Data Report ARTICLE
A Novel Full-Length Transcriptome Resource for Black Tiger Shrimp (Penaeus monodon) Developed Using Isoform Sequencing (Iso-Seq)
- 1National Omics Center, National Center for Genetic Engineering and Biotechnology (BIOTEC), National Science and Technology Development Agency, Pathum Thani, Thailand
- 2National Center for Genetic Engineering and Biotechnology (BIOTEC), National Science and Technology Development Agency, Pathum Thani, Thailand
The black tiger shrimp, Penaeus monodon, is one of the major cultured penaeid shrimp species, contributing 9% of total crustacean production (FAO, 2018).
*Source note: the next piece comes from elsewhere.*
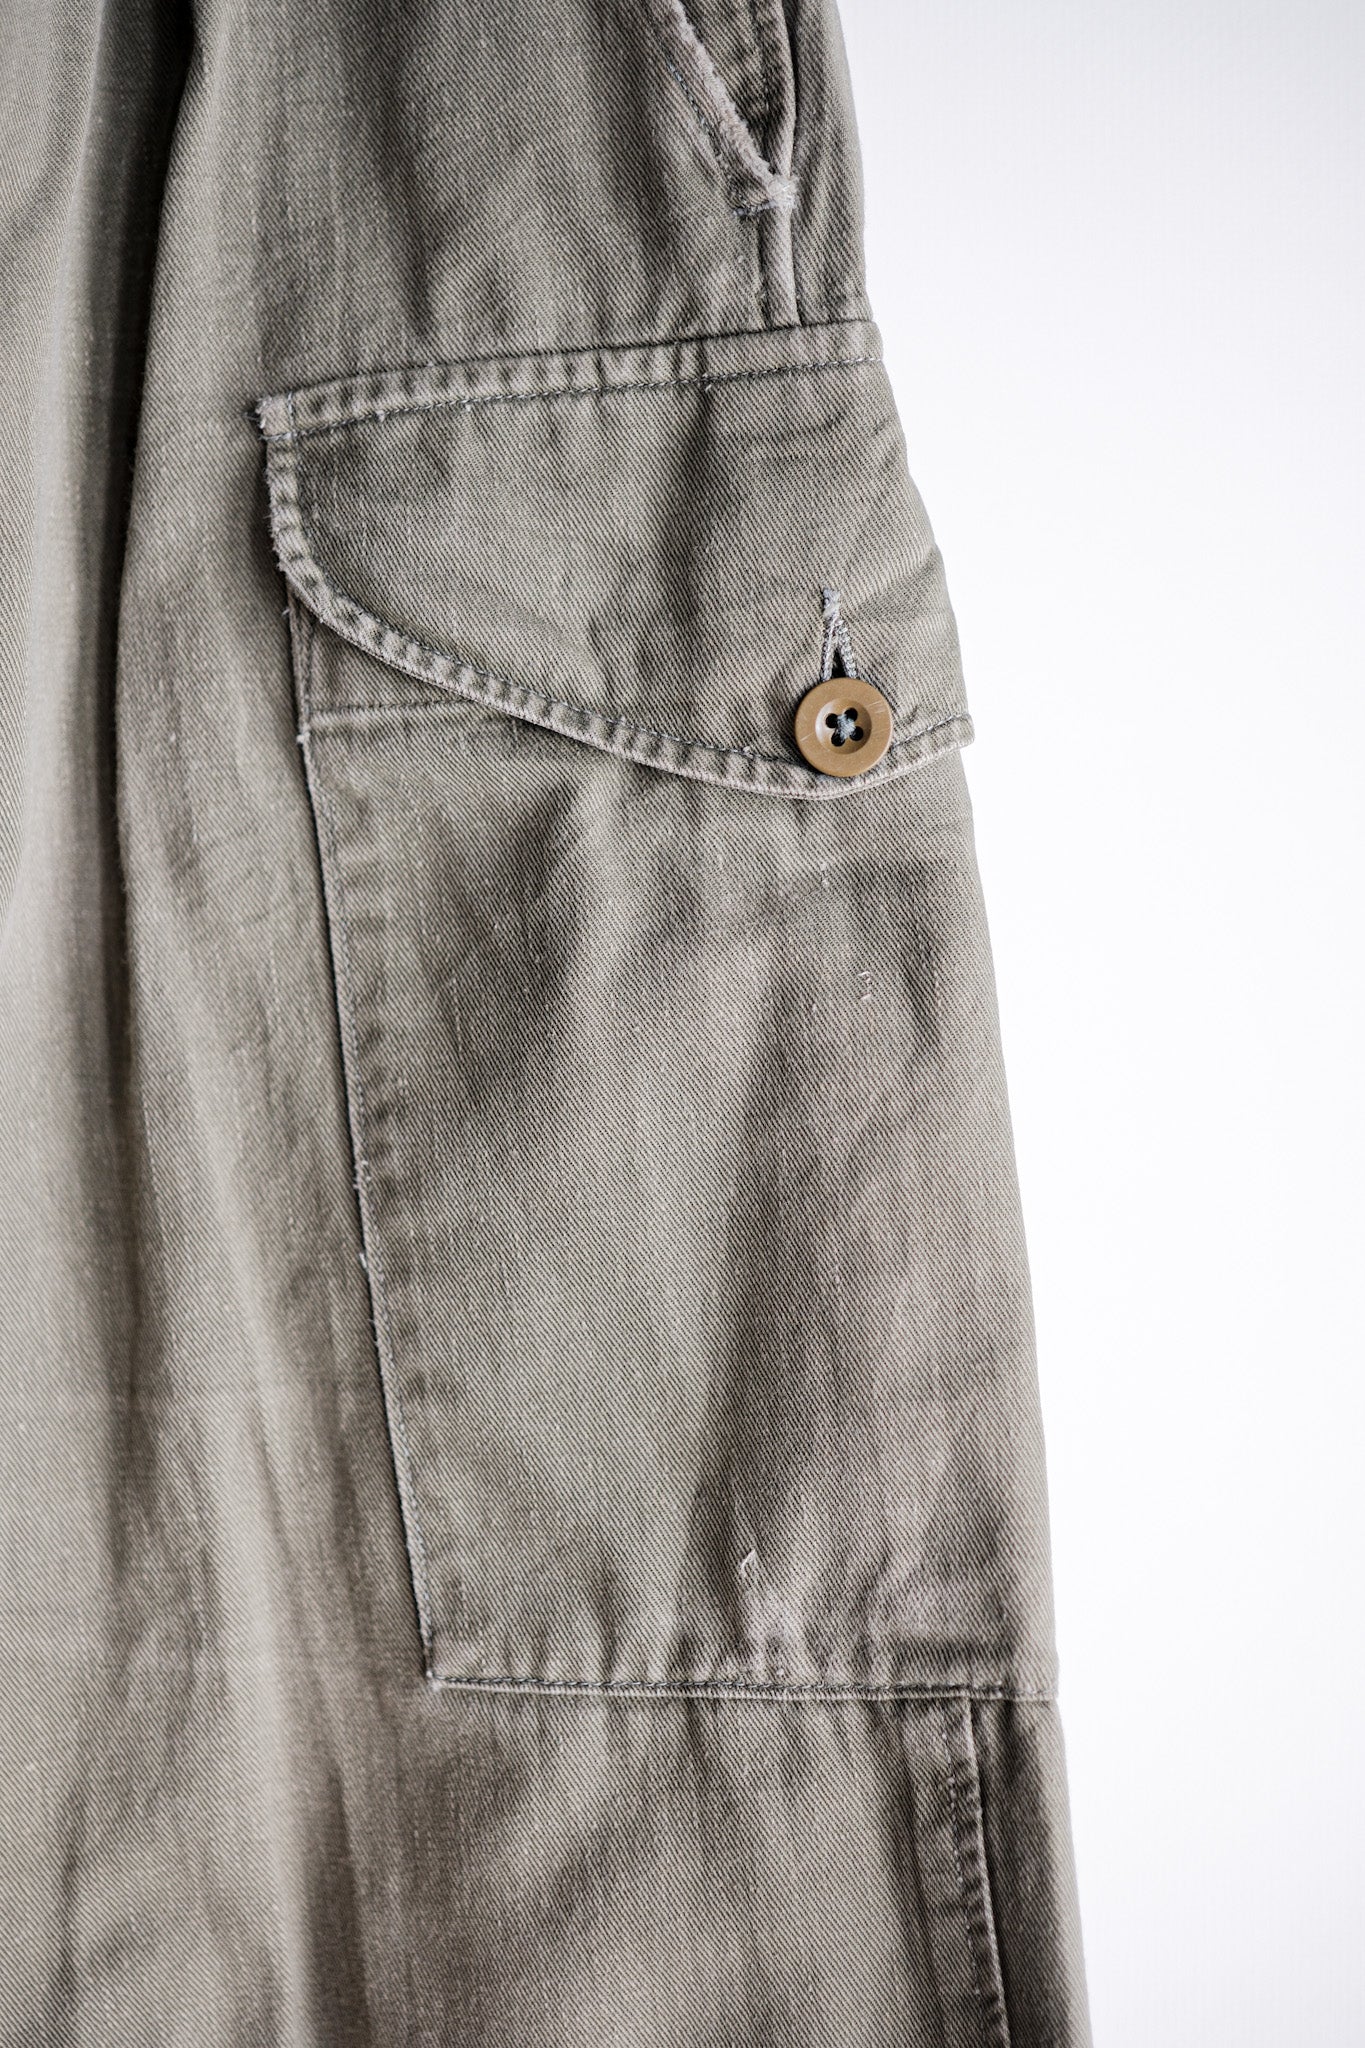 [〜60年代]英國軍隊1950年模式Gurkha褲子

With its economic and nutritional importance, extensive research and development programs have been initiated to gain better understanding of various biological processes in black tiger shrimp and to apply this basic knowledge to improve farming practices and advance selective breeding programs with an ultimate goal of sustainable shrimp farming industry. Although several transcriptome studies in shrimp have been performed using expressed sequence tags (ESTs) (Lehnert et al., 1999; Supungul et al., 2002; Tassanakajon et al., 2006), microarray technology (Karoonuthaisiri et al., 2009; Wongsurawat et al., 2010; Leelatanawit et al., 2011; Uawisetwathana et al., 2011), and second-generation sequencing (SGS) technologies (Rotllant et al., 2015; Nguyen et al., 2016; Huerlimann et al., 2018; Uengwetwanit et al., 2018), the efforts were significantly impeded by the lack of high-quality reference genome assembly in this organism. It is also extremely challenging to obtain a complete, full-length transcriptome assembly from short-read RNA sequencing (RNAseq) data given the high contents of repetitive elements, which have been estimated to be 46.68–51.18% (Huang et al., 2011; Yuan et al., 2018).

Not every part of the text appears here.